Logo Polskiego Radia
POSŁUCHAJ
IAR
Klaudia Hatała 13.07.2015

Raport NIK: Polska nie ma polityki prorodzinnej. "Najpilniejsze zadanie dla państwa"

Mimo dramatycznej sytuacji demograficznej, Polska wciąż nie ma długofalowej i całościowej polityki prorodzinnej. Najwyższa Izba Kontroli przyjrzała się działaniom państwa na rzecz rodzin.
Posłuchaj
  • Rzecznik NIK Paweł Biedziak mówi, że administracja wydaje pieniądze na różne działania, ale nie wie, czy przynoszą one efekty (IAR)
Czytaj także

NIK alarmuje, że zagwarantowanie stabilizacji i socjalnego bezpieczeństwa, skutkujących wzrostem urodzeń, jest najpilniejszym zadaniem dla naszego państwa. Tymczasem w Polsce polityka prorodzinna praktycznie nie istnieje. Brakuje całościowego i strategicznego planowania działań na rzecz rodziny.
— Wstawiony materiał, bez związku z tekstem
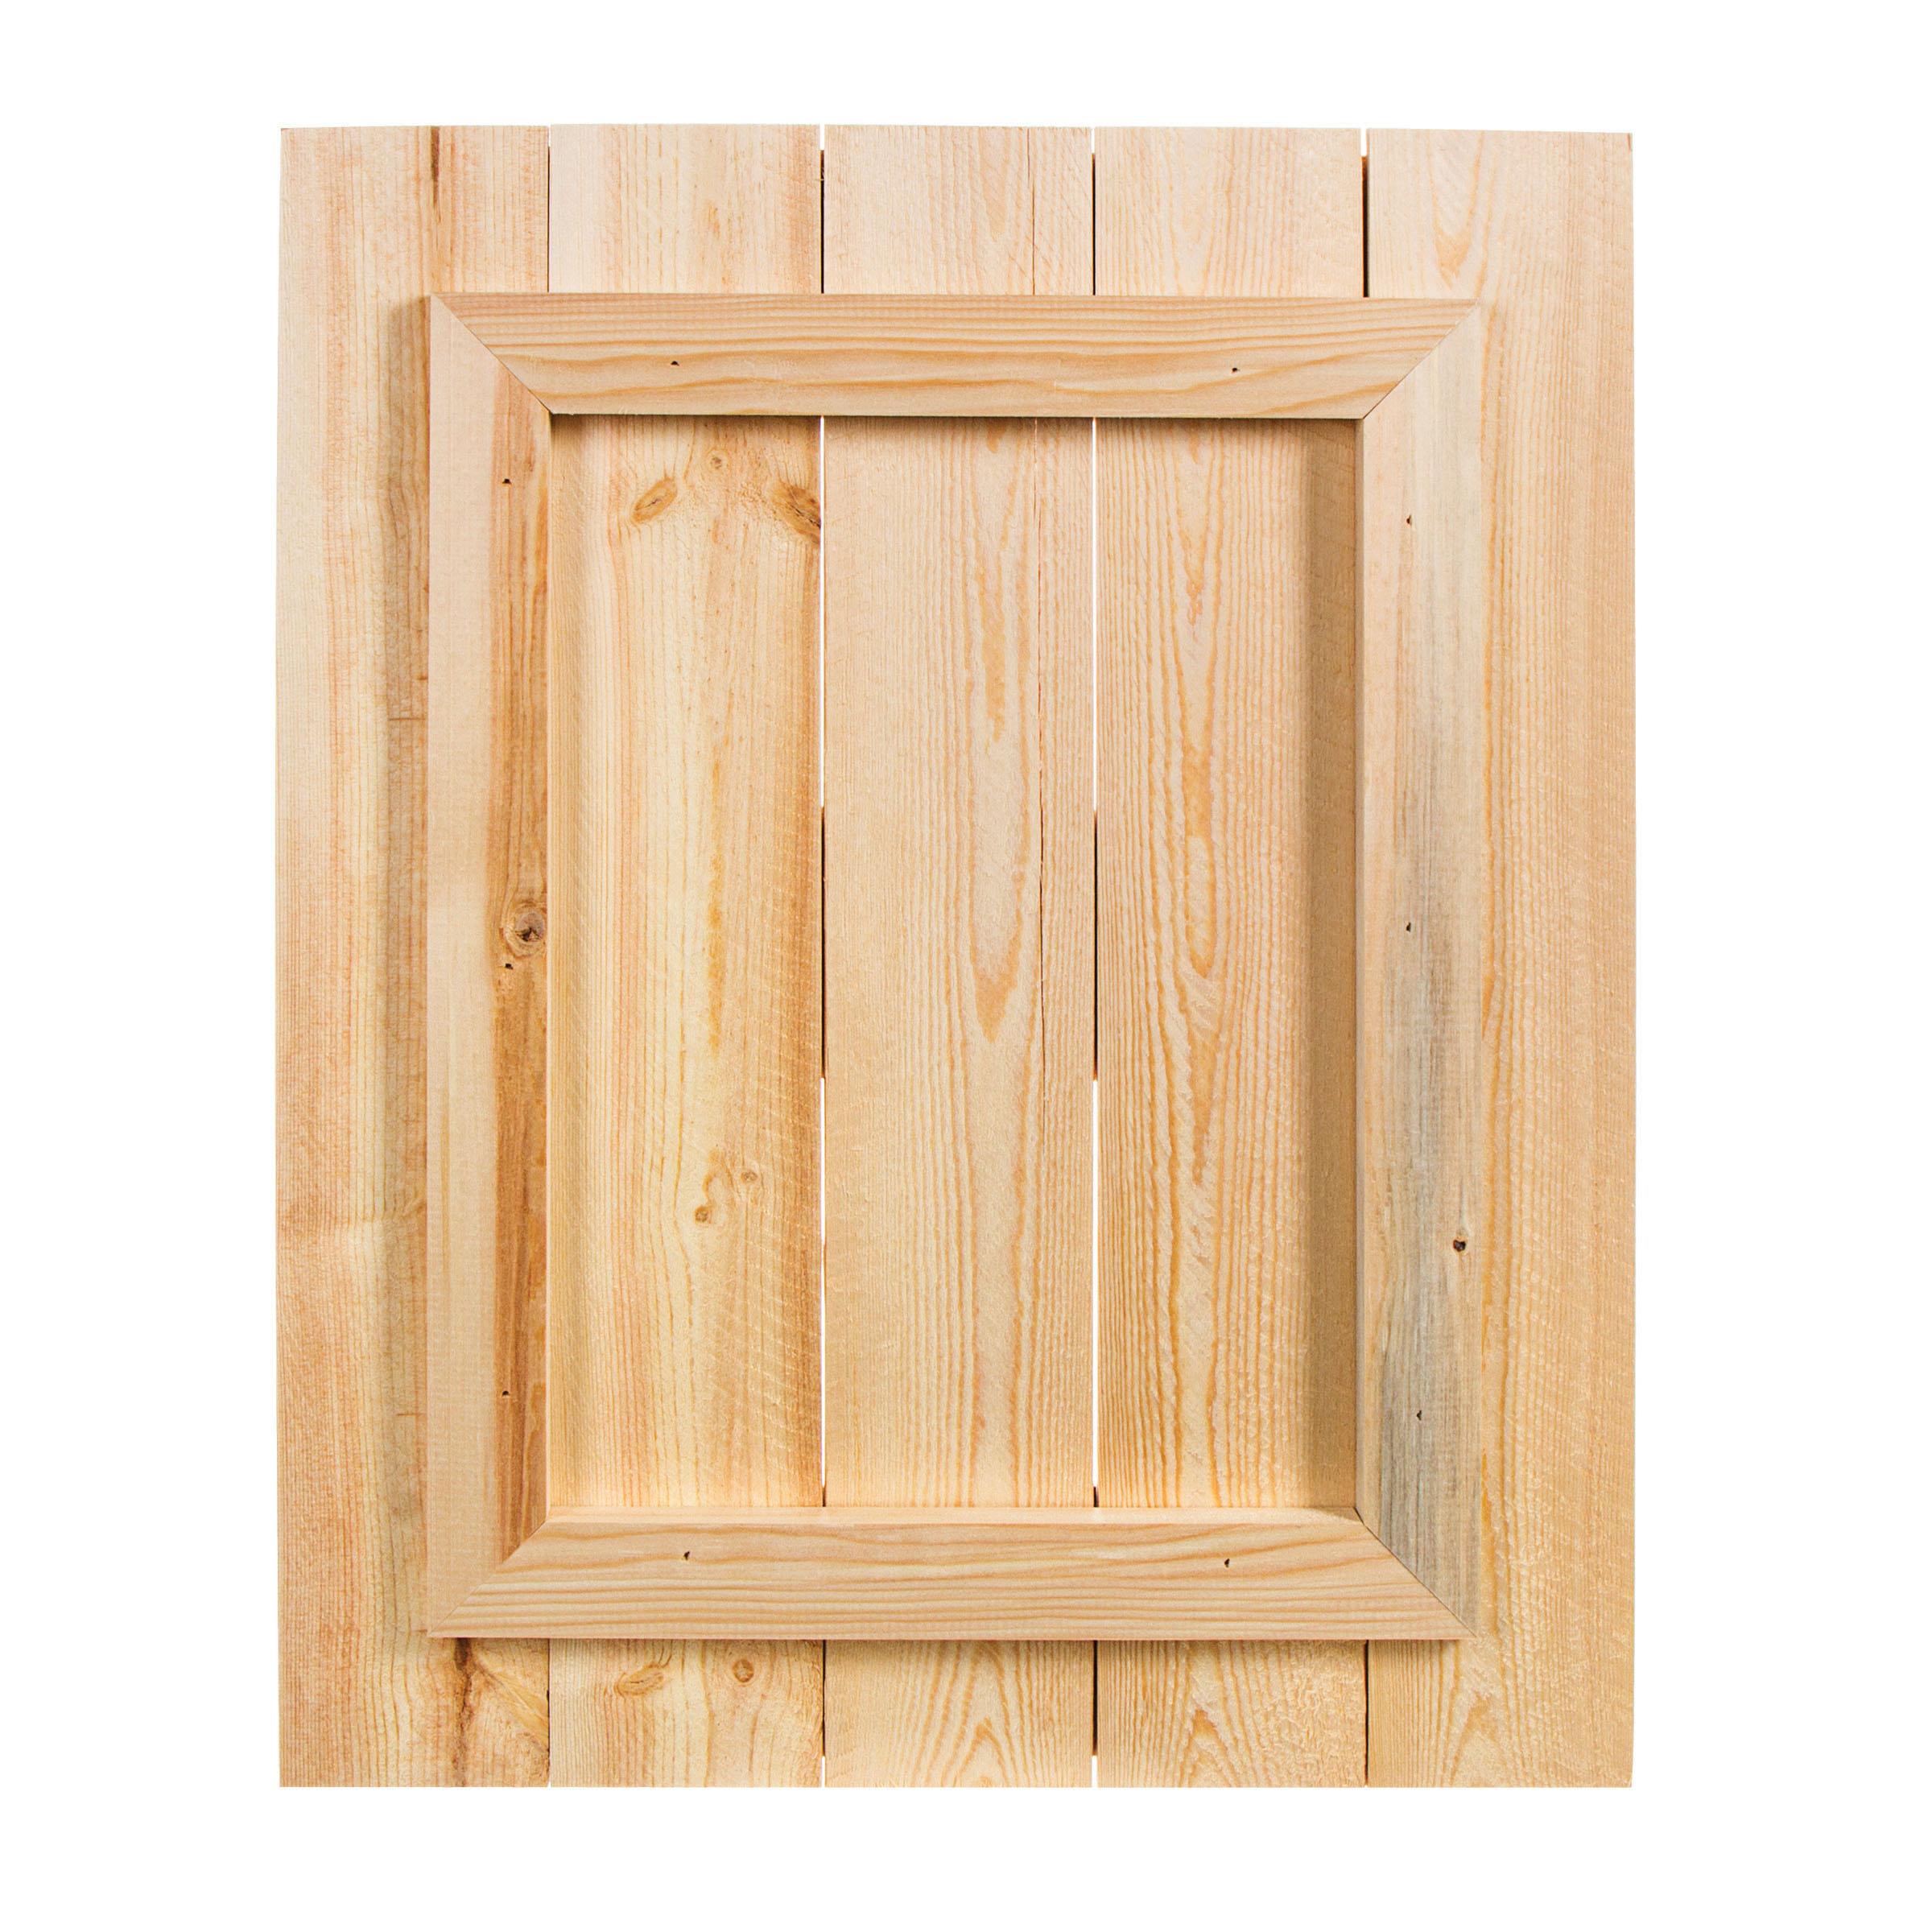 August Grove Wood Pallet Frame Wall Décor | Wayfair

Rozwiązania proponowane przez kolejne rządy - m.in. becikowe, ulgi od podatku za dzieci, roczny urlop macierzyński - mają charakter doraźnych akcji i nie poprawiają sytuacji w znaczący, zauważalny sposób. Dużo mówi się o problemach demograficznych oraz potrzebie wprowadzenia nowych działań na rzecz rodziny, powstają kolejne opracowania na ten temat. Zgromadzona wiedza nie jest jednak wykorzystywana do tworzenia oraz prowadzenia efektywnej polityki rodzinnej.

NIK ocenia, że polityka prorodzinna składa się z doraźnych, rozproszonych i niepowiązanych ze sobą działań. Według jej kontrolerów, poszczególne ministerstwa we własnym zakresie wprowadzają rozwiązania prorodzinne, ale żaden z ministrów nie jest odpowiedzialny za ich skoordynowanie i potraktowanie jako całości. Każdy z ministrów bada efekty i jest rozliczany tylko ze swojej części. Do 2012 roku wspieranie rodziny było jednym z trzech zadań priorytetowych, wskazanych w Wieloletnim Planie Finansowym Państwa. Usunięto je spośród zadań priorytetowych w roku 2013 - ogłoszonym Rokiem Rodzin.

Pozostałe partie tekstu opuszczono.